**Try it:** Line by line, the data below should be set down unchanged, with images excluded.

**Information supplied:**
○ ○ ○ ○ ○

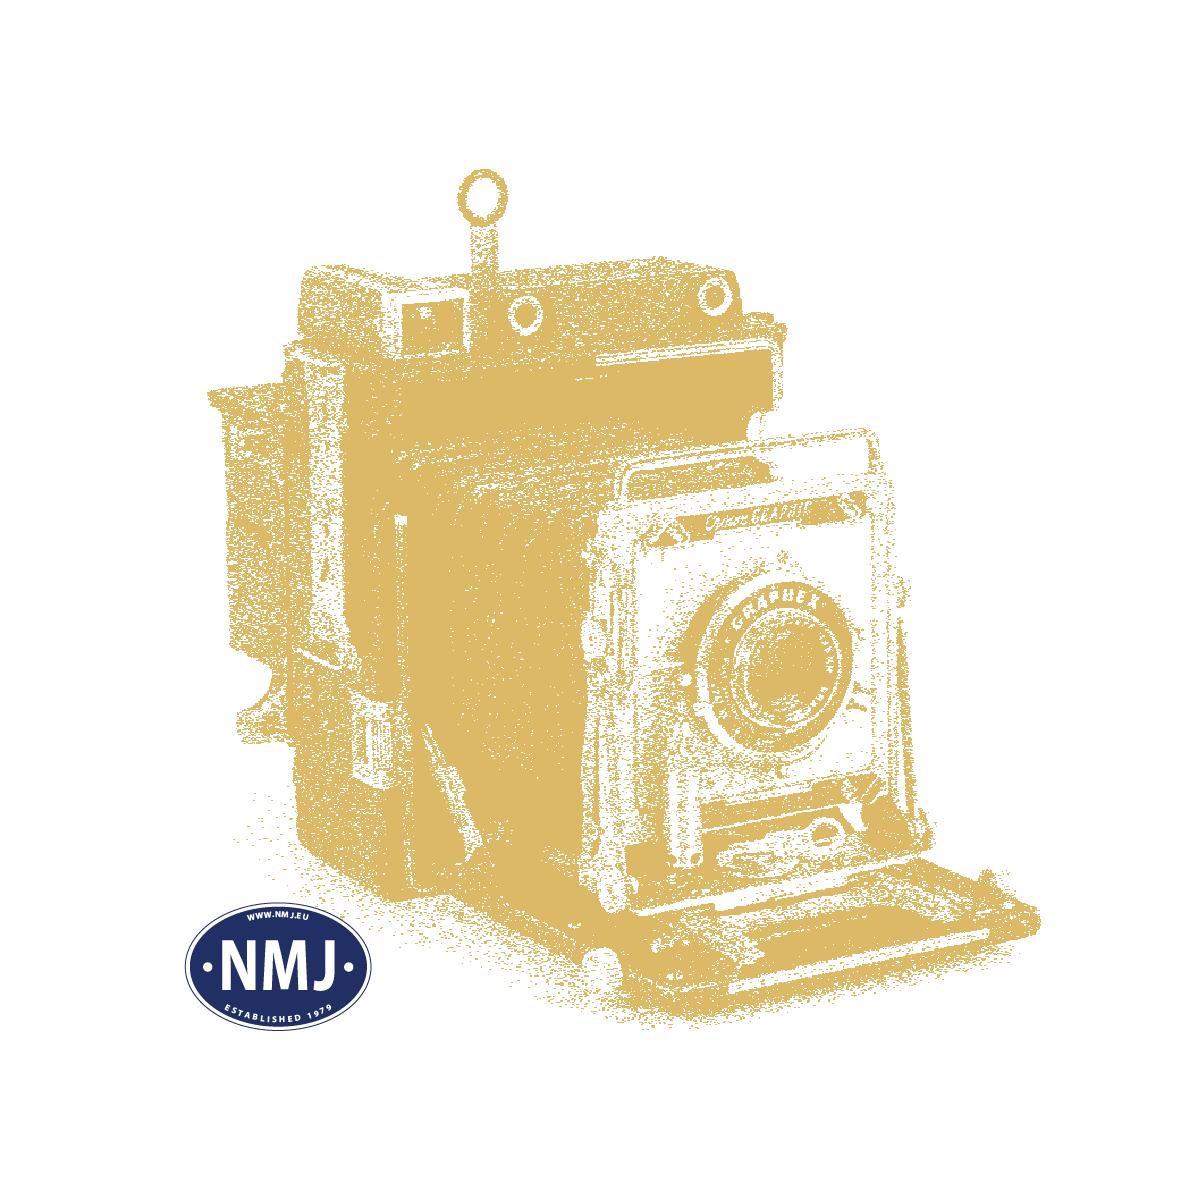 NMJT145005 - NMJ Topline NSB Di3.602, Rot/Schwarz mit GM Logo, DCC m/ Sound, Spür 0
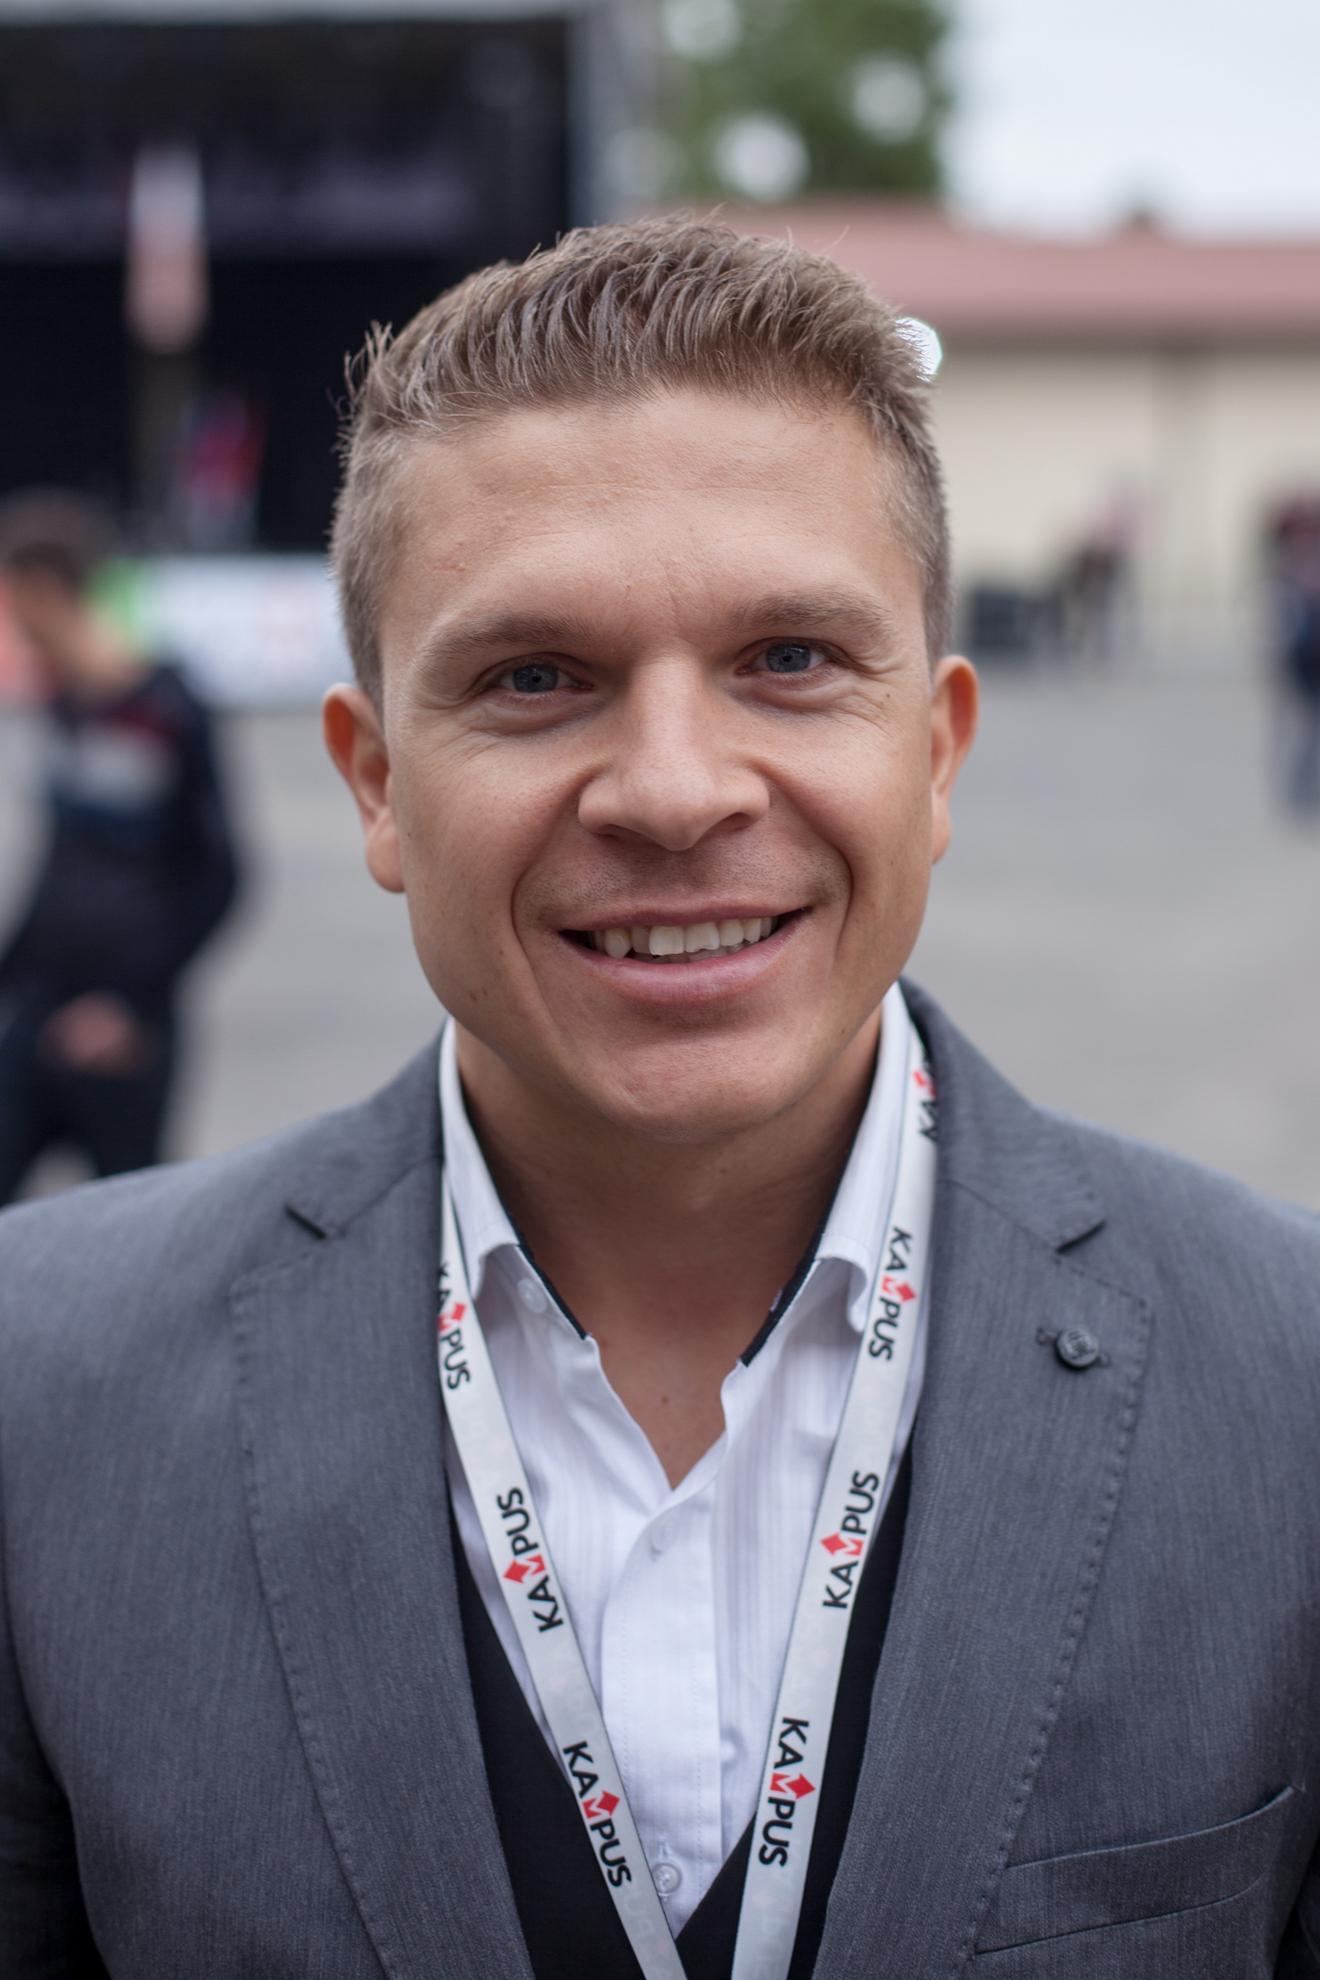 Bojan Kurež - Direktor študentskega kampusa
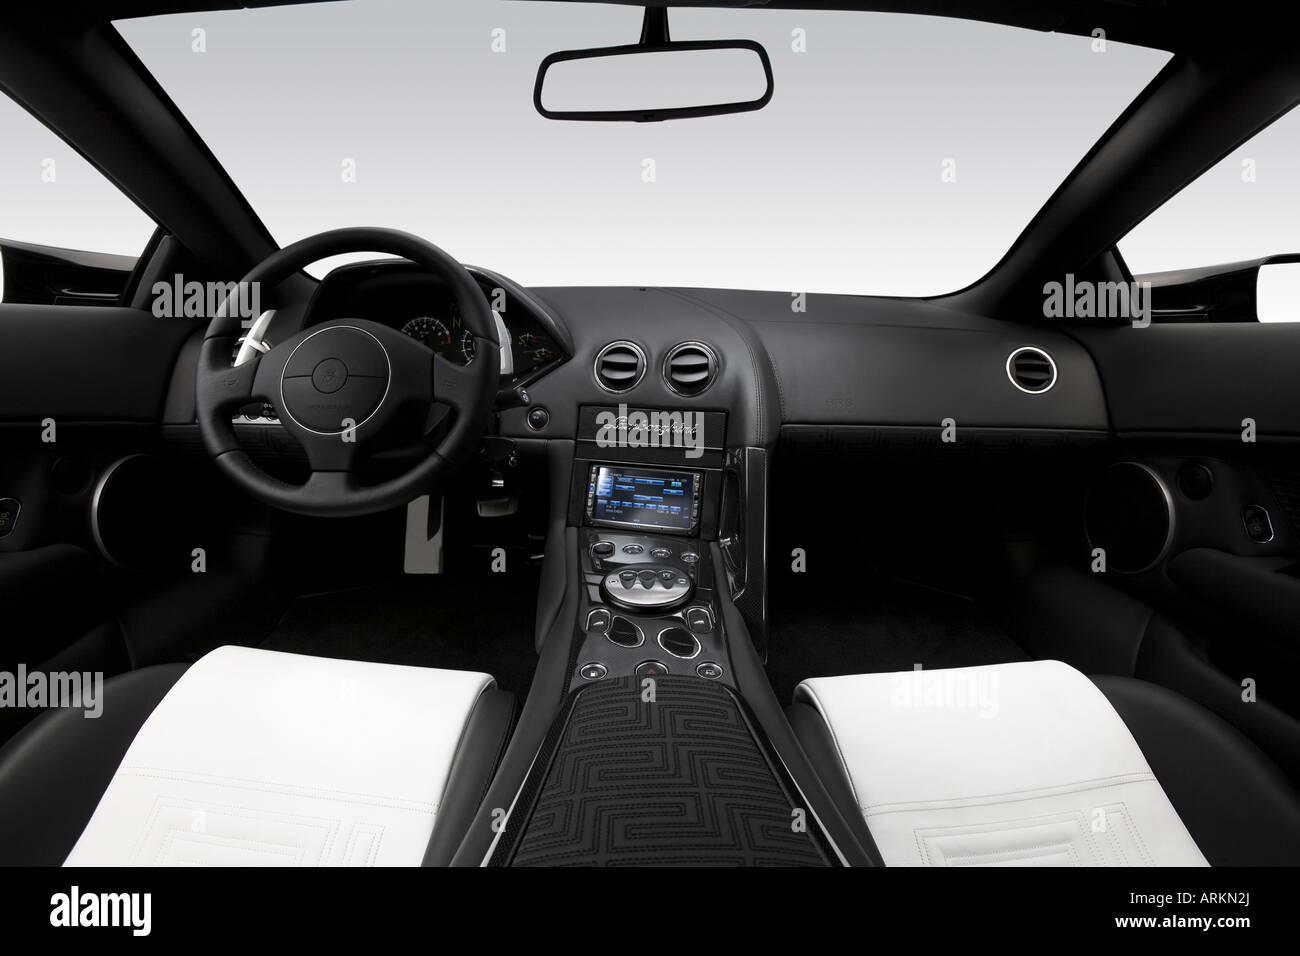 2007 Lamborghini Murcielago Lp640 Versace In Black Dashboard Stock

○ ○ ○ ○ ○

**Solved problem:**
 NMJT145005 - NMJ Topline NSB Di3.602, Rot/Schwarz mit GM Logo, DCC m/ Sound, Spür 0
 Bojan Kurež - Direktor študentskega kampusa
 2007 Lamborghini Murcielago Lp640 Versace In Black Dashboard Stock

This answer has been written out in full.